I hope it’s an omen that May came in with such gorgeous weather. The spring storms we were threatened with never did hit us, though they did great damage east of Dallas. That area around Canton, which was so heavily hit, is one dear to my heart. I had good friends, both now gone, who had a guest ranch in Ben Wheeler. My family and I spent many happy days and nights there. Mostly we enjoyed Aunt Reva’s cooking, eating on the porch of their house which overlooked one of the large stock tanks/small lakes on the property.

But sometimes we went to the neighboring town of Edom to eat at The Shed, a down-home café which had become sort of an institution. They featured fried catfish on Saturday nights, and often had lemon meringue pie. I remember Charles (uncle to my children) telling me there were no calories because it was all air. And when I told him he was overlooking the custard part, he said, “Shut up, Judy.” The Shed inspired the Blue Plate Café of my mystery series by that name.

I’ve lost touch with that family now that the parents are gone, except one daughter who faithfully called me when she was in Fort Worth, and we had lunch. Marsha had been blind from diabetes since about the age of twenty, yet she went on to get a graduate degree in anthropology (with the help of her radiologist father), and I much admired her. I got word recently that she had died unexpectedly, and I felt at a loss because I didn’t know who to contact to express my sympathy.

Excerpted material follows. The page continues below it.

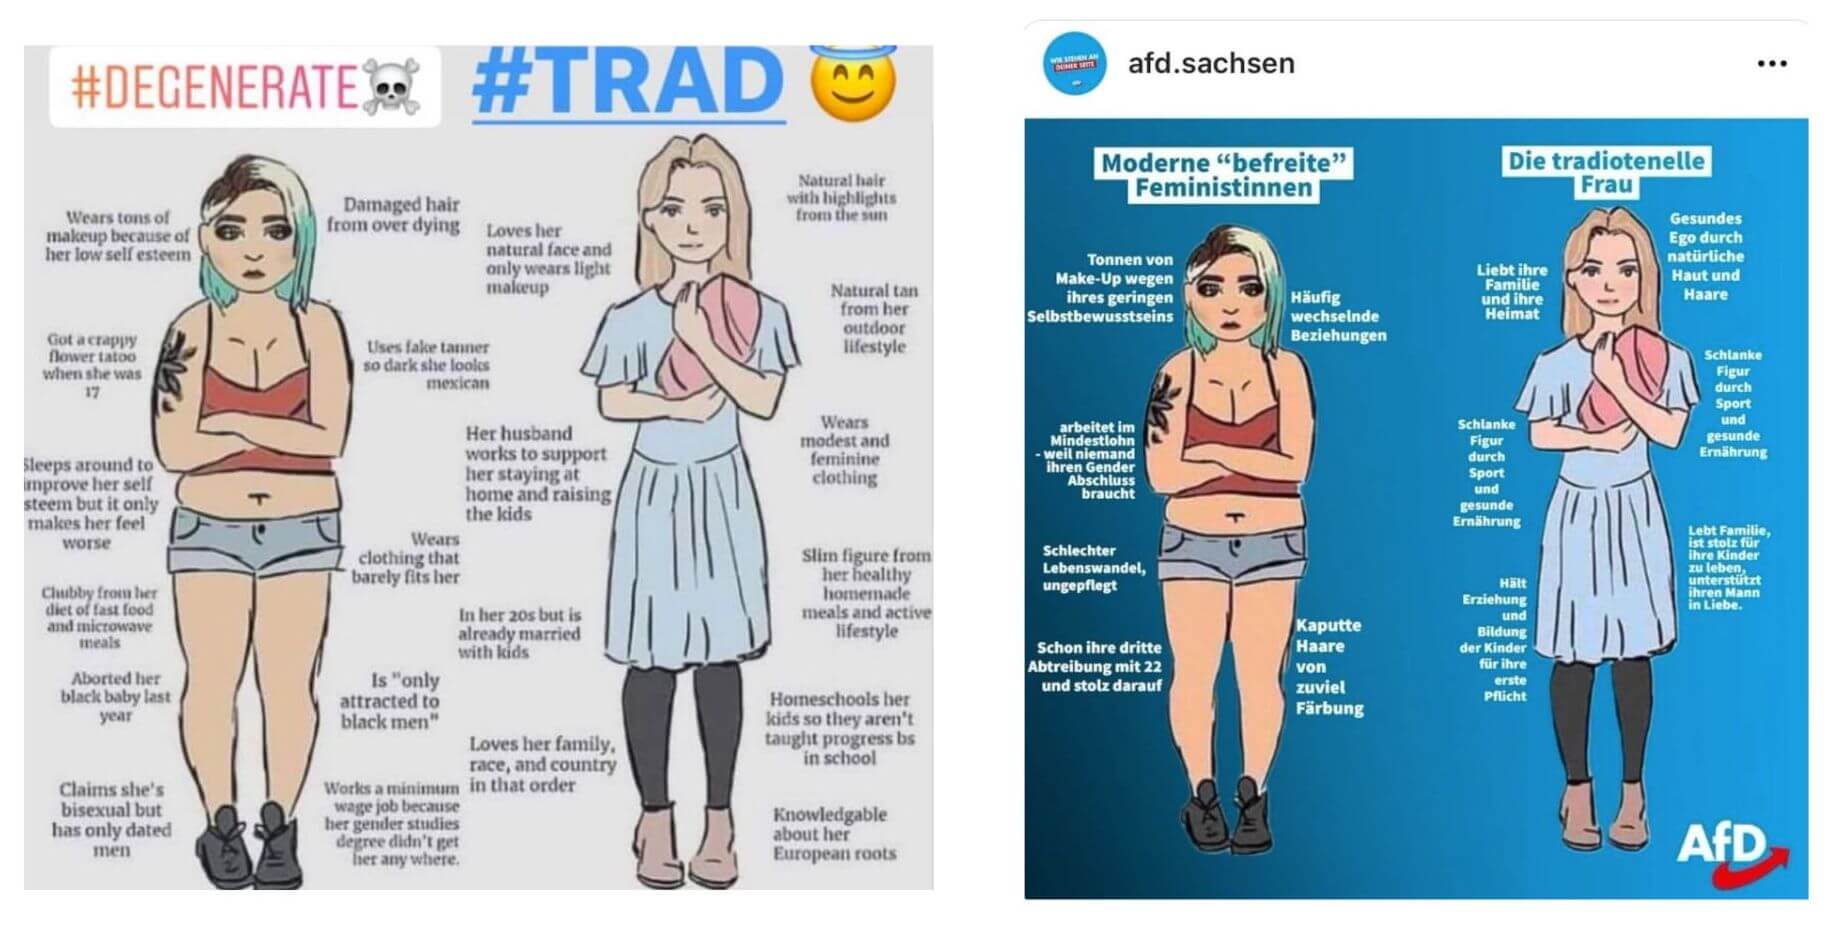 Das Bild kursierte bereits vor drei Jahren in Sozialen Netzwerken (links) und ähnelt dem Bild, das die AfD Sachsen (rechts) auf Instagram veröffentlichte

It got me to thinking once again about how things change and life moves on, and we go with the flow. It’s no good being stuck in the past, but I grieve for her.

Today, however, life seemed to stand still. For me, it was a no make-up, no shampoo day when I was in my jammies until four o’clock. Not that I didn’t work—I cleared up all kinds of things: a bill paid to the wrong health care providers (I’ve now paid the right ones, and I want a refund from the other); Amazon accounts—it appears I had five, and now I have only one. That kind of busy-ness can wear you out. I did some odd but creative (I hope) marketing for my books, and finished reading The Last Chance Olive Ranch by Susan Wittig Albert. Great book that kept me spellbound—and also taught me a lot about olive oil.

I didn’t intend to be so lazy today. I thought son Jamie was coming for the day, and I was looking forward to our traditional breakfast at Ol’ South Pancake House. He has a Dutch baby and I have corned beef hash. When I emailed last night to ask if I was still expecting him, he said no, it was always Tuesday. Now, I know that child (45, but he’s still my child) is wrong. I have Monday on my calendar and in my head, but he was adamant. So that gives me one more day of nice anticipation. And I did make good use of the day.